Creepy and atmospheric, evocative of Stephen King’s classic Pet Sematary, The Migration is a story of sisterhood, transformation, and the limitations of love, from a thrilling new voice in Canadian fiction.
When I was younger I didn’t know a thing about death. I thought it meant stillness, a body gone limp. A marionette with its strings cut. Death was like a long vacation – a going away.
Storms and flooding are worsening around the world, and a mysterious immune disorder has begun to afflict the young. Sophie Perella is about to begin her senior year of high school in Toronto when her little sister, Kira, is diagnosed. Their parents’ marriage falters under the strain, and Sophie’s mother takes the girls to Oxford, England, to live with their Aunt Irene. An Oxford University professor and historical epidemiologist obsessed with relics of the Black Death, Irene works with a centre that specializes in treating people with the illness. She is a friend to Sophie, and offers a window into a strange and ancient history of human plague and recovery. Sophie just wants to understand what’s happening now; but as mortality rates climb, and reports emerge of bodily tremors in the deceased, it becomes clear there is nothing normal about this condition – and that the dead aren’t staying dead. When Kira succumbs, Sophie faces an unimaginable choice: let go of the sister she knows, or take action to embrace something terrifying and new.

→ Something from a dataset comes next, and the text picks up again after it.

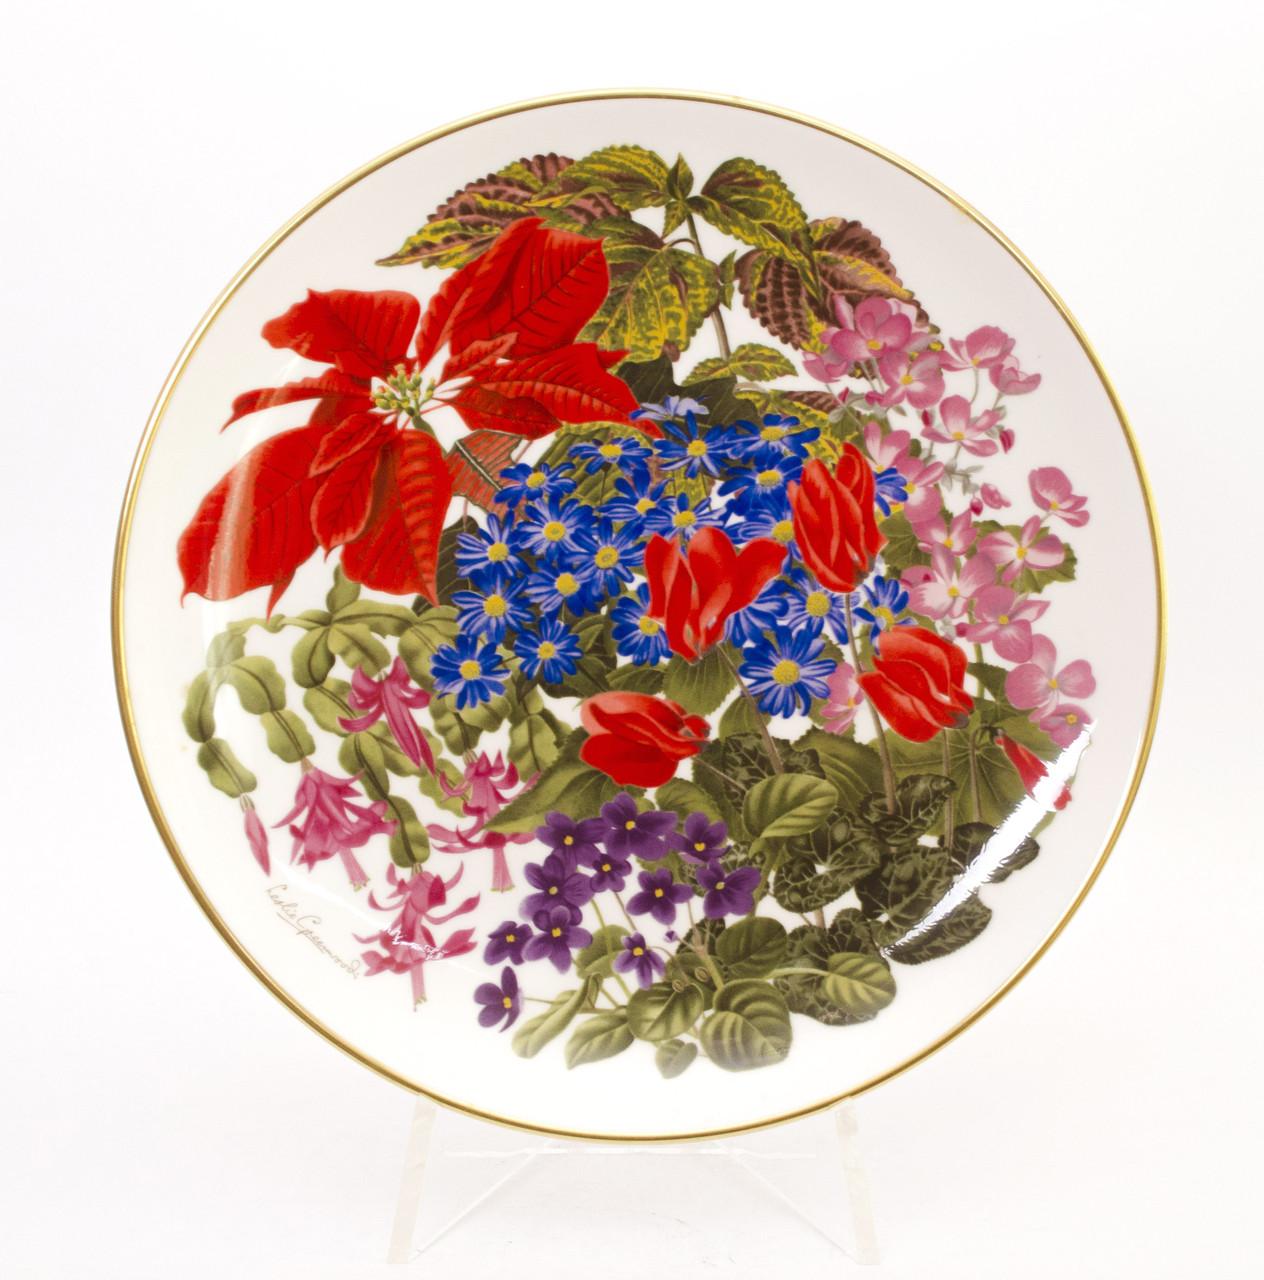 Тарелка коллекционная FRANKLIN PORCELAIN фарфор Англия, декабрь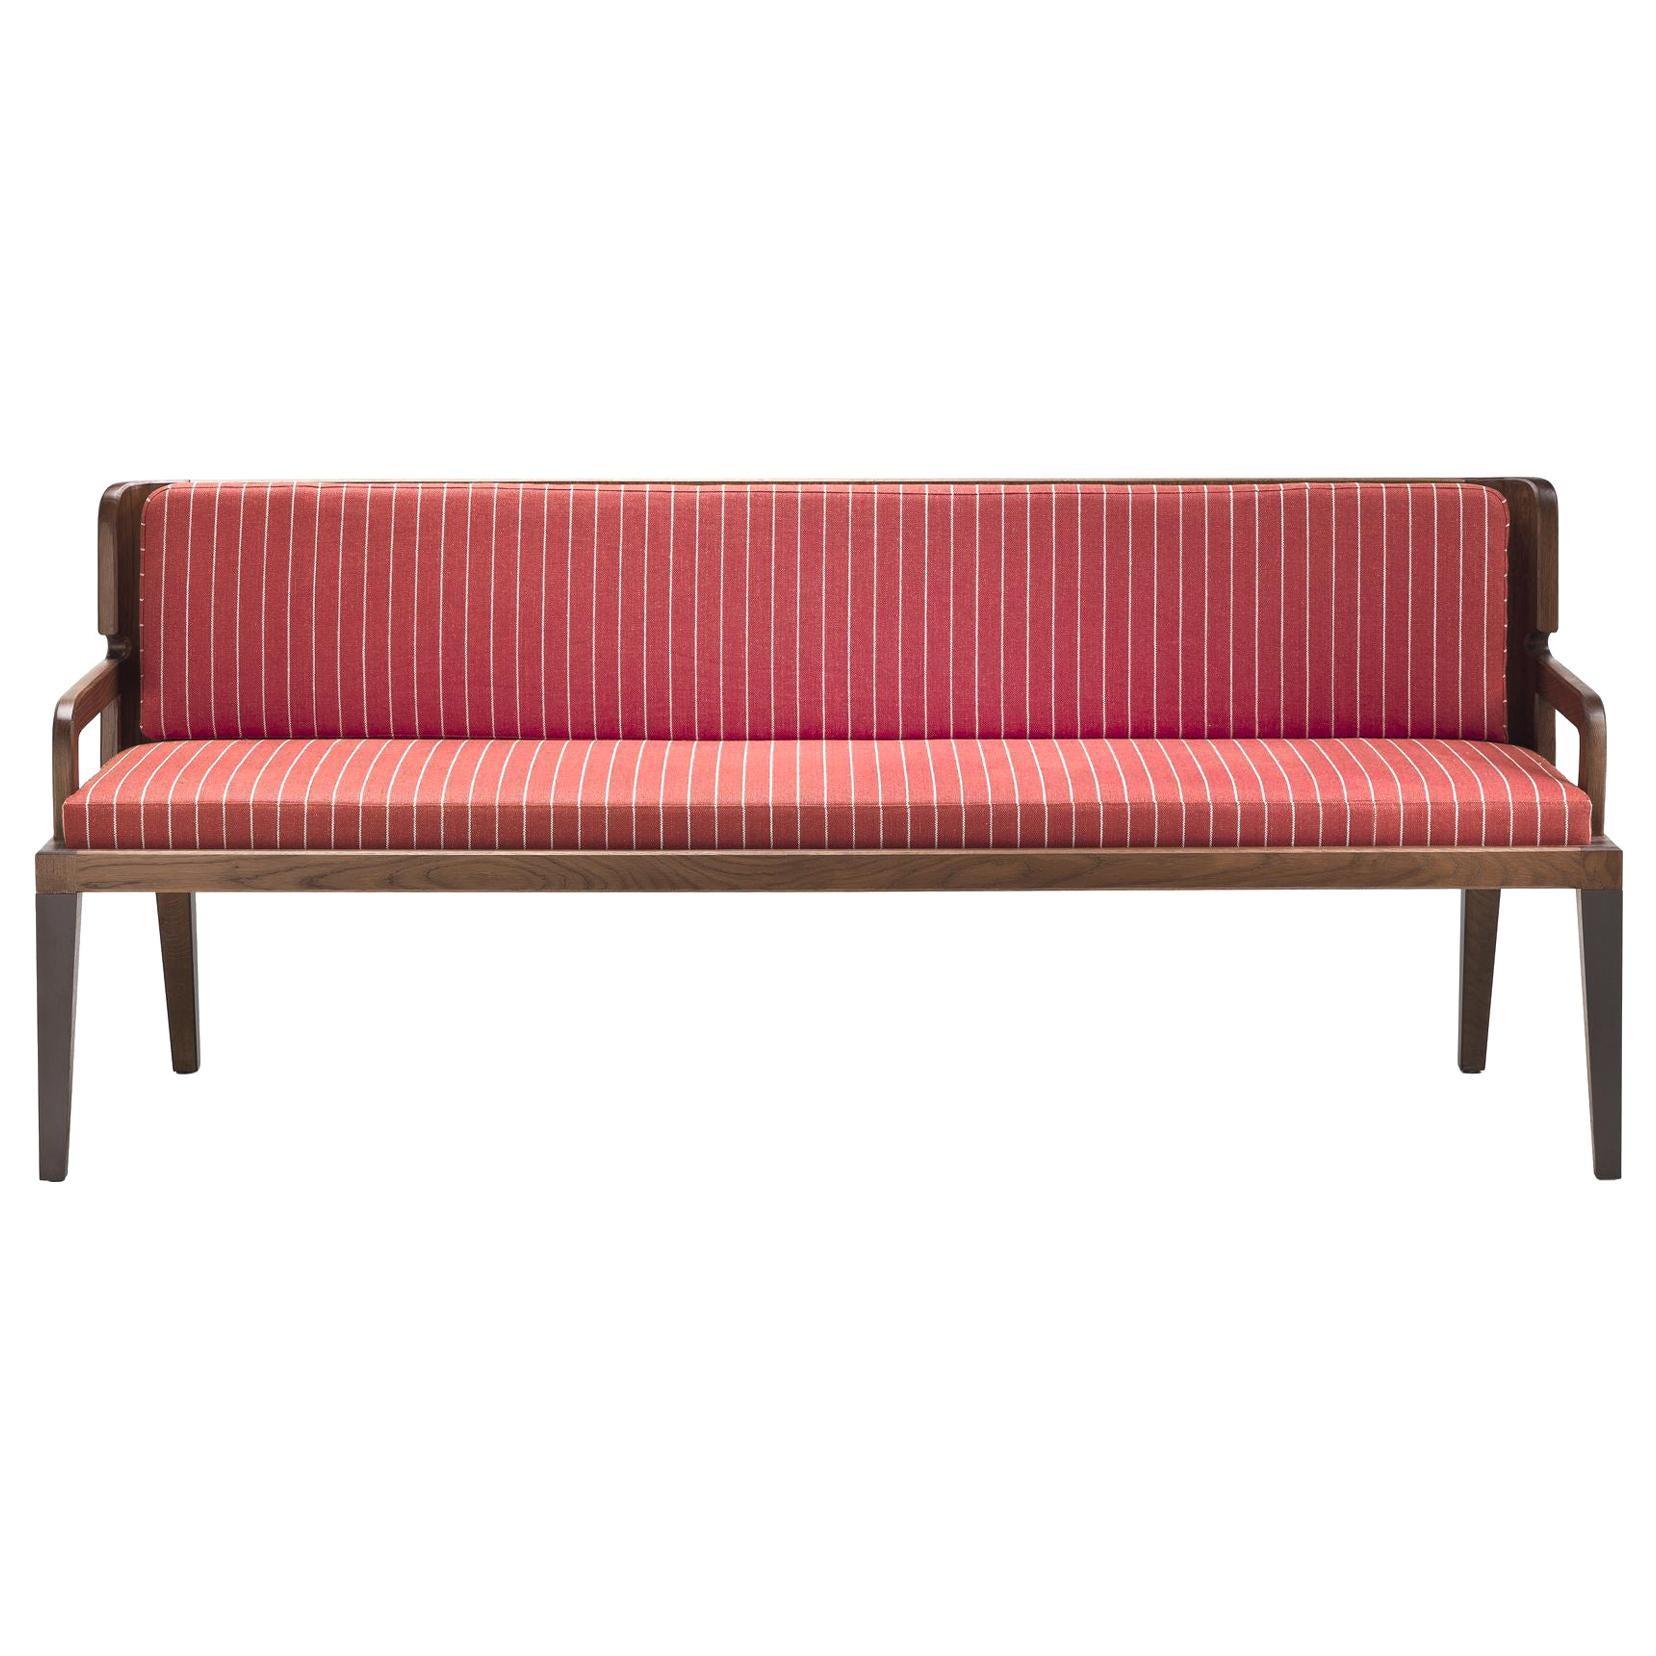 Bulle Small Sofa in Solid Oak

Tender and chilling, unsettling and hopeful, The Migration is a story of a young woman’s dawning awareness of mortality and the power of the human heart to thrive in cataclysmic circumstances.
Circa l’autore
HELEN MARSHALL is the World Fantasy Award-winning author of two short story collections and two poetry chapbooks. Her stories and poetry have appeared in magazines and anthologies including Abyss & Apex, Lady Churchill’s Rosebud Wristlet and Tor.com. She obtained a Ph D from the Centre for Medieval Studies at the University of Toronto, and then spent two years completing a postdoctoral fellowship at the University of Oxford investigating literature written during the time of the Black Death. Helen has worked as a managing editor for Chi Zine Publications, and was recently hired as a permanent Lecturer in Creative Writing and Publishing at Anglia Ruskin University in Cambridge. She grew up in Sarnia, Ontario, and now resides in Cambridge.